Buna karşılık Bruegel, Avrupa’nın enerjisi için geçen yıl 2021’dekinden bir trilyon avro (1,06 trilyon dolar) daha fazla ödediğine inanıyor. Uluslararası Enerji Ajansı, enerji ithal eden ülkelerin, özellikle Avrupa’da 2 trilyon dolar daha fazla ödediğini söyleyerek bu fiyat etiketini daha da yükseltiyor.

Rusya, gaz fiyatlarını yukarı çekme gücünden keyif aldı.

Eski Başbakan Dimitri Medvedev fiyatların metreküp başına 5.000 dolar olacağını neşeyle tahmin etmişti.

31 Ağustos’ta Gazprom, Kuzey Avrupa’ya giden Nordstream 1 boru hatlarının işletmesini askıya aldığında, avroda 20 yılın en düşük seviyelerine inen ve 2002’den beri ilk kez ABD dolarından daha az değere sahip olan bir düşüşü tetikledi.

Ancak bu yıl farklı olacak, diyor Demertzis.

AB, bu ay rafine Rus petrol ürünlerini yasakladı.

Geçen yıl uygulamaya konulan önlemlerle birlikte Rusya’nın enerji ihracatının yüzde 40’ına yaptırım uygulanacağını tahmin ediyor.

Bu Rus ekonomisi için ne anlama geliyor?

Alman Uluslararası ve Güvenlik İşleri Enstitüsü’nün kıdemli bir üyesi olan Janis Kluge, Kremlin’in Ocak ayında petrol ve gazdan elde ettiği vergi gelirinin 5,8 milyar dolar olduğunu tahmin etti – Ocak 2022 seviyesinin yaklaşık yarısı ve ortalama aylık geliri 10 milyar doların çok altında. Rusya bu yıl bütçesini petrol ve gaz vergilerinden yaptı.

Ruslar, 2023’te daha zor bir yıl öngörmüştü. Geçen Eylül ayında Bloomberg tarafından görülen bir Rus hükümeti iç raporu, üç büyüme senaryosu ortaya koydu. Bunlardan ikisinde, Rusya’nın durgunluğu bu yıl derinleşti ve savaş öncesi büyüme 2030’a kadar geri dönmedi.

Rusya’nın güvenlik açıkları arasında, Batı bileşenleri ve teknolojisi olmadan rekabet edemeyeceği düşünülen BT sektörü de vardı. Diğer bir zayıflık ise enerjiydi.

İNTERAKTİF- Hangi ülkeler Rusya'ya yaptırım uyguladı Ukrayna Savaşı- 12 Ocak

“Batı teknolojilerine erişimin azalması, bir yabancı şirket tasfiyesi dalgası ve önümüzdeki demografik ters rüzgarlarla, ülkenin potansiyel büyümesinin önümüzdeki on yılda yüzde 0,5-1,0’e düşmesi bekleniyor.

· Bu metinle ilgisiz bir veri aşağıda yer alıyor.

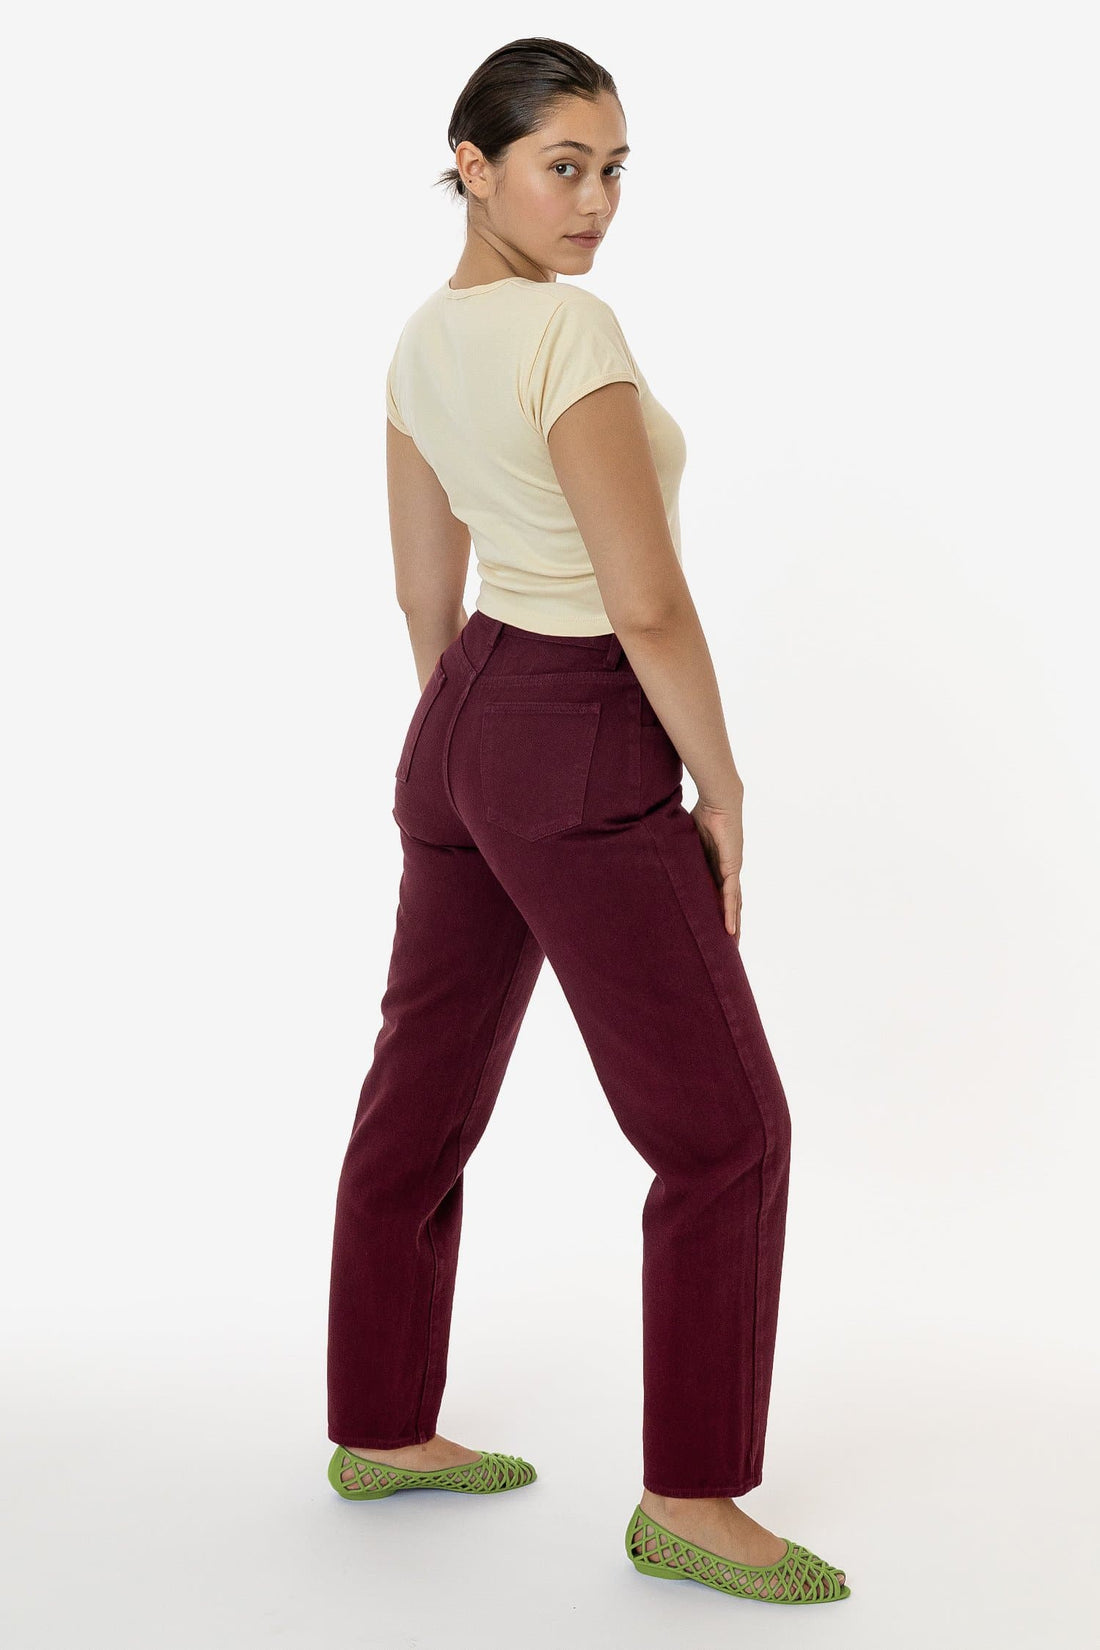 RBDW01GD - Garment Dye Women's Relaxed Fit Bull Denim Jean (New Colors ...

Bloomberg Rusya ekonomisti Alexander Isakov, bundan sonra daha da küçülerek 2050’de sıfırın biraz üzerine düşecek” dedi.

Avrupa Konseyi Başkanı Charles Michel, “Bu yaptırımlar işe yarıyor, Rusya ekonomisini zayıflatıyor ve onu kritik teknolojilerden mahrum bırakıyor” dedi.

Büyük bilinmeyen

AB-Rusya enerji savaşı dünya için beklenmedik bir kazanç sağladı.

Rusya, petrolünü geçen yıl hareket ettirmek için piyasa fiyatlarına göre üçte bir oranında indirdi ve bu da onu gelişmekte olan ekonomiler için cazip bir teklif haline getirdi. Çin, Hindistan ve Türkiye, AB’den kaybedilen gelirin büyük bir kısmını yerine koyarak, Rusya’nın fosil yakıt tüketimini artırdı.

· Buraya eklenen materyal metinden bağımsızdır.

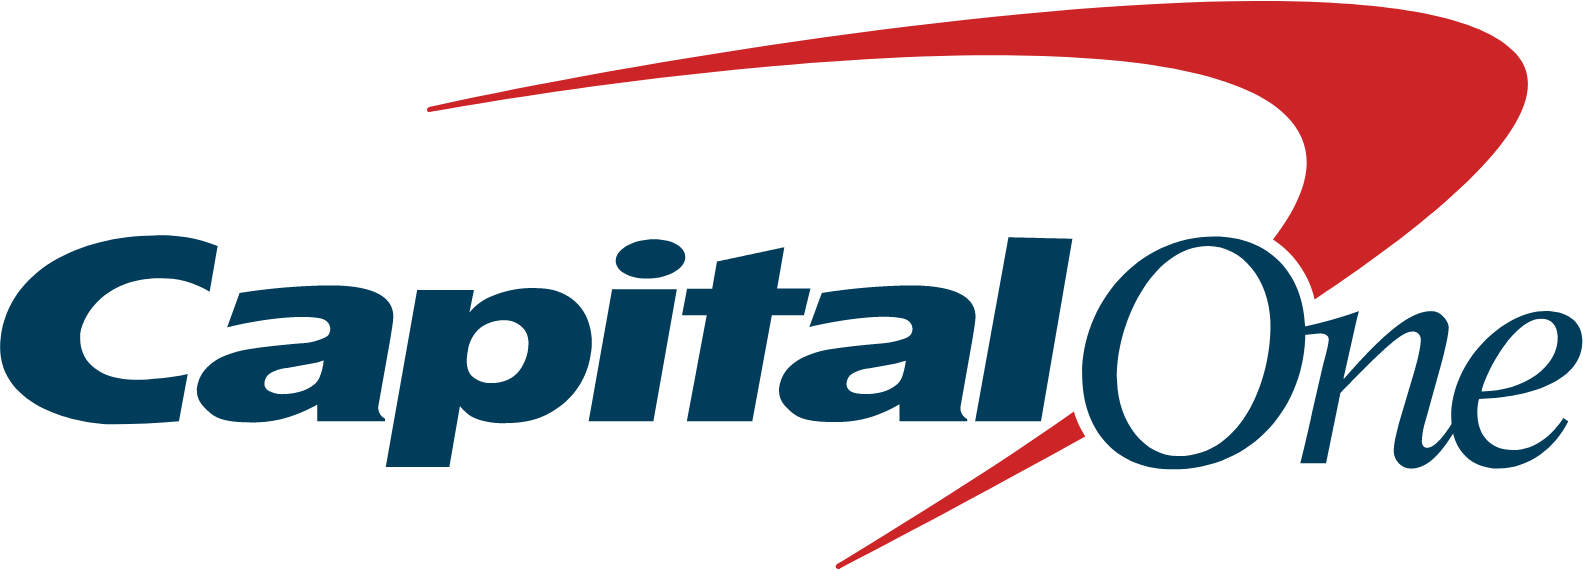 Capital One logo large (transparent PNG)

Bu yıl, Uluslararası Finans Enstitüsü, Rus limanlarından ayrılan rekor ham petrol sevkiyatlarını takip ettiğini söyledi.

Bu, Rusya’nın AB yaptırımlarını aştığı anlamına mı geliyor?

Ocak ayında Uluslararası Para Fonu (IMF), Rusya ekonomisinin önceki yüzde 7,6’lık düşüş beklentilerine rağmen geçen yıl yalnızca yüzde 2,2 küçüldüğünü ve bu yıl yüzde 0,3 büyüyeceğini tahmin ettiğini söyledi.

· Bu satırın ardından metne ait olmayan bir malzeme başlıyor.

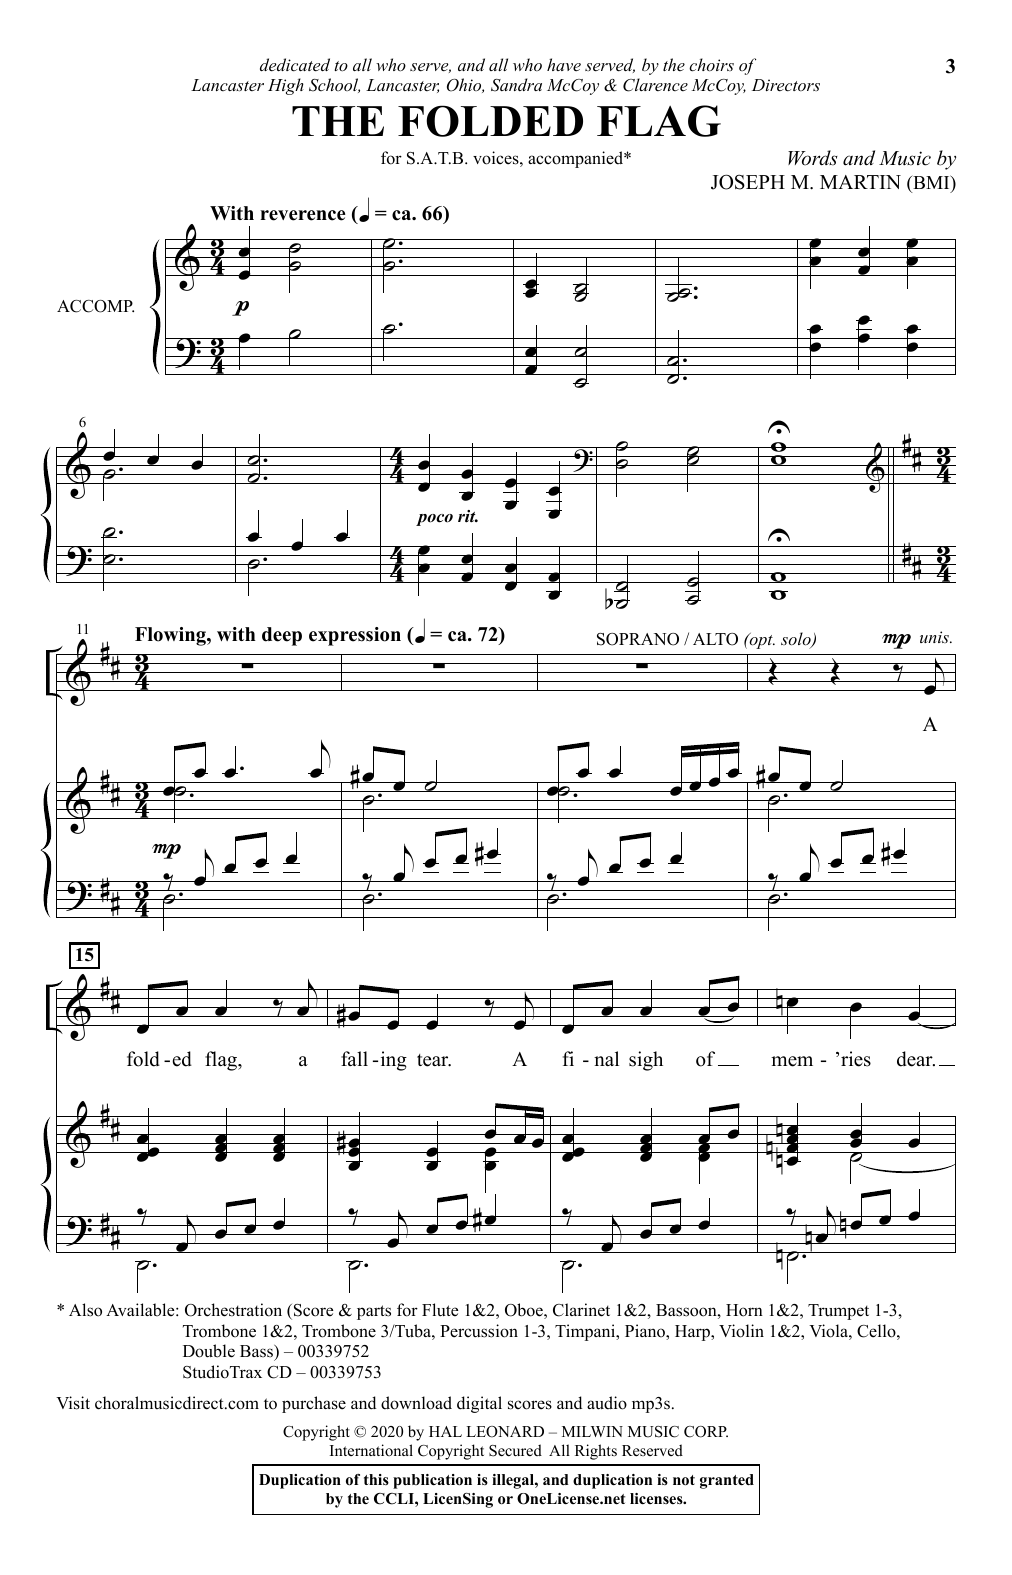 Joseph M. Martin The Folded Flag Sheet Music Notes & Chords for TTBB Choir - Download or Print PDF

IMF, “Rusya ticareti yaptırımlardan yaptırım uygulamayan ülkelere yönlendirilmeye devam ederken, Rusya’nın ham petrol ihracat hacimlerinin önemli ölçüde etkilenmesi beklenmiyor” dedi.

Herkes IMF’nin görüşünü paylaşmıyor. Dünya Bankası, Rusya ekonomisinin bu yıl yüzde 3,3, Ekonomik İşbirliği ve Kalkınma Örgütü ise yüzde 5,6 küçüleceğini öngörüyor.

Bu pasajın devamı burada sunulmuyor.